Do I need Achilles Surgery?
In the case of Achilles tendon rupture, nonoperative treatment is a viable option. If the rupture is caught early, the patient can be placed in a plantar flexed splint or cast to allow the tendon edges to heal together. It is important to point the toes downward to close the gap created during the rupture. Cast and use of a CAM boot usually lasts weeks to months and varies from patient to patient. Nonoperative treatment is a very safe and cost effective way to treat an Achilles tendon rupture and often used in patients who are at high risk for surgical complications. The scientific literature is mixed as to whether long term strength is as good with nonoperative treatment when compared to operative treatment.
Achilles Tendon Surgery
Achilles tendon surgery can be done with a classic open approach or a minimally invasive, percutaneous approach. Both options yield old good clinical outcomes for the patient. The scientific literature shows that large, open incisions have a higher risk of wound complications.
How to Perform an Achilles Tendon Repair
Achilles tendon surgery is done in an outpatient setting. It involves a general anesthetic and an incision over the Achilles tendon. There are multiple techniques used to repair the tendon and the preferred treatment continues to evolve. After an Achilles repair the patient is placed in a postoperative splint, to allow for swelling, and discharged home.
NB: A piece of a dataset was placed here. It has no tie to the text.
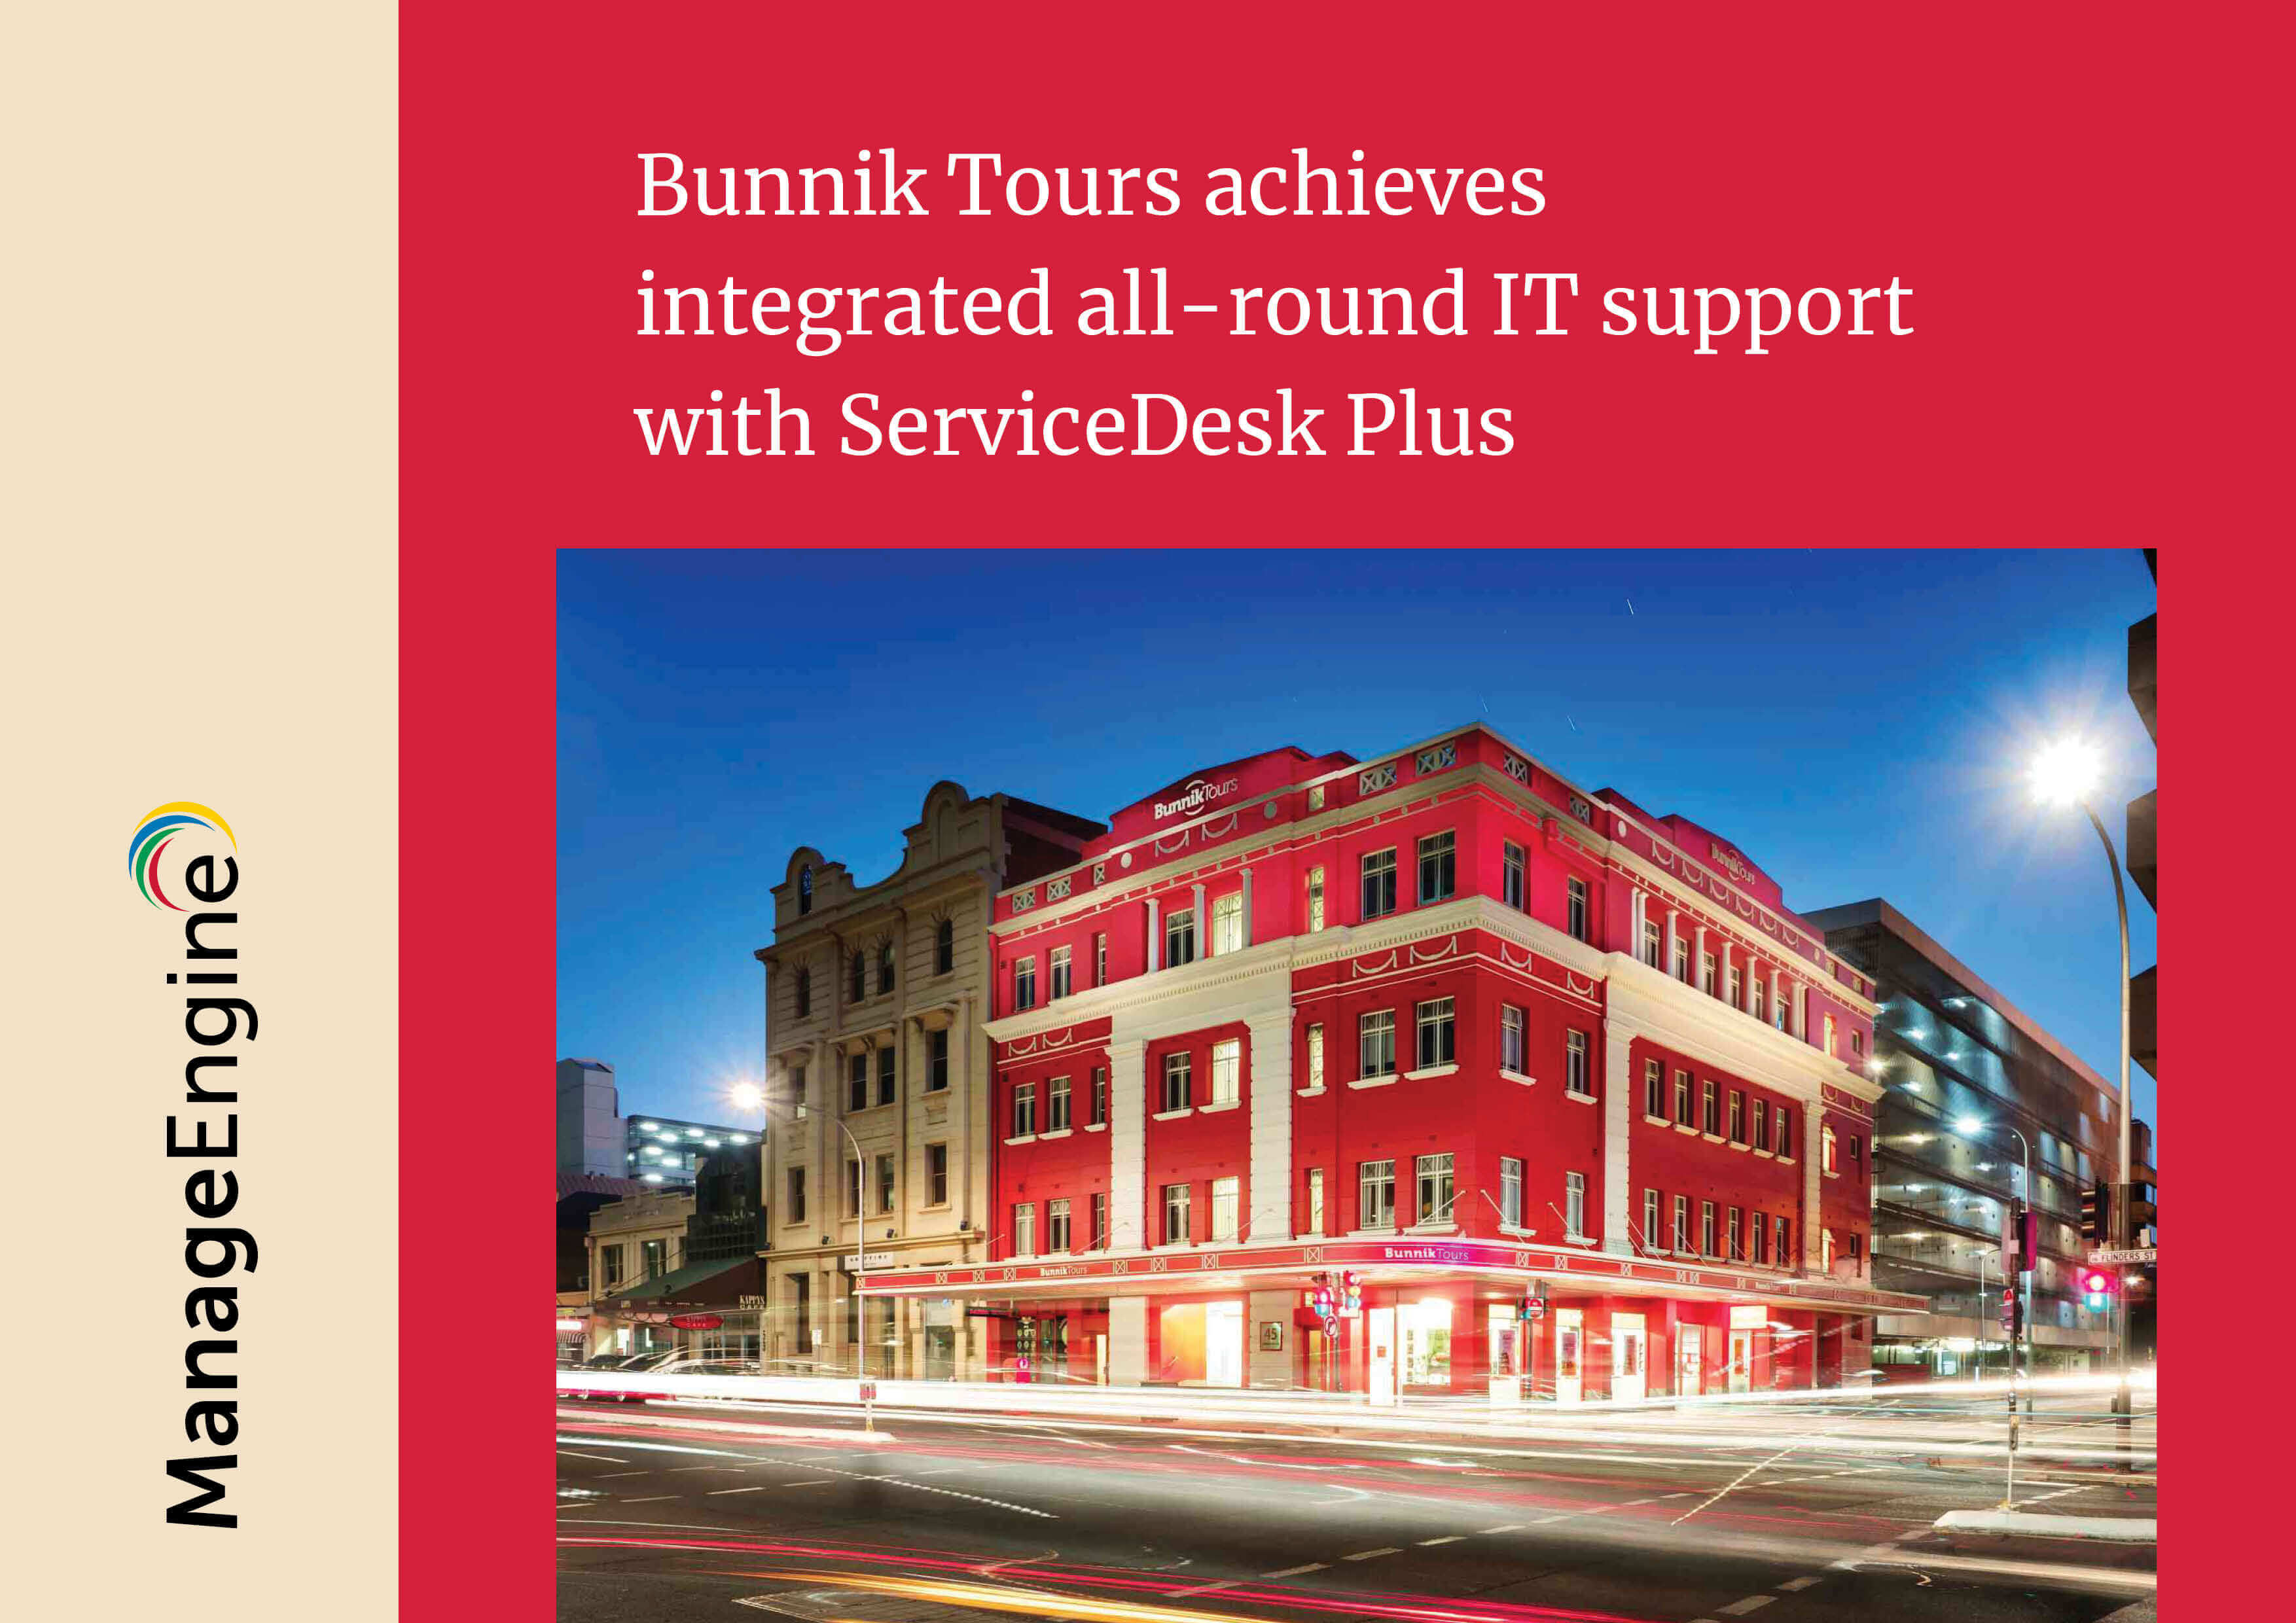 bunnik tours reviews complaints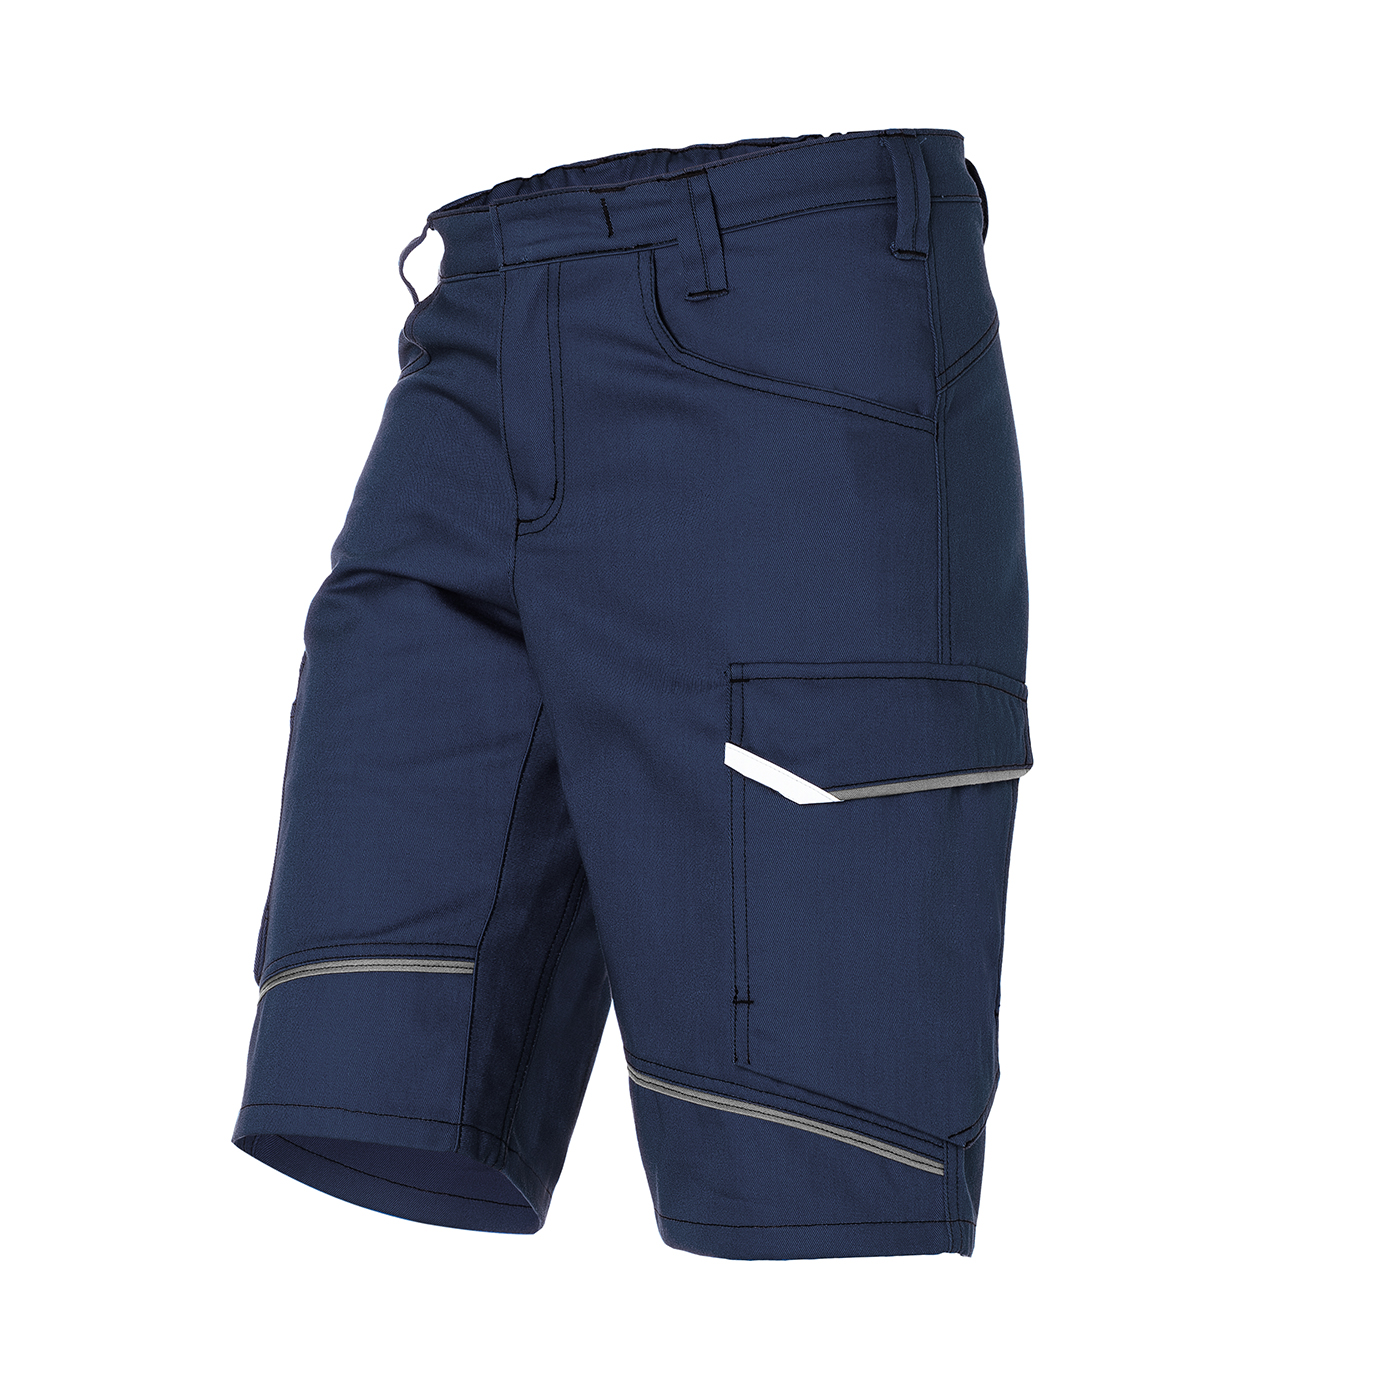 KÜBLER ICONIQ Shorts

Surgical intervention usually involves the use of a regional nerve block or catheter. This controls pain for the first 12-48 hours depending on the type of block used. As the nerve block wears off, the patient is provided with oral pain medication. The pain usually lasts 2-3 days then subsides significantly.
Achilles Tendon Rehabilitation
Following operative intervention, the patient is nonweightbearing for the first few days after the surgery. The patient is then placed in a removable CAM boot with heel lifts. The patient is allowed to begin weightbearing in the removable boot and starts physical therapy. The boot is removed between 4 and 8 weeks, depending on the patient. Further recovery takes 3-6 months. Return to full, competitive, explosive activities typically takes 6 months to 1 year.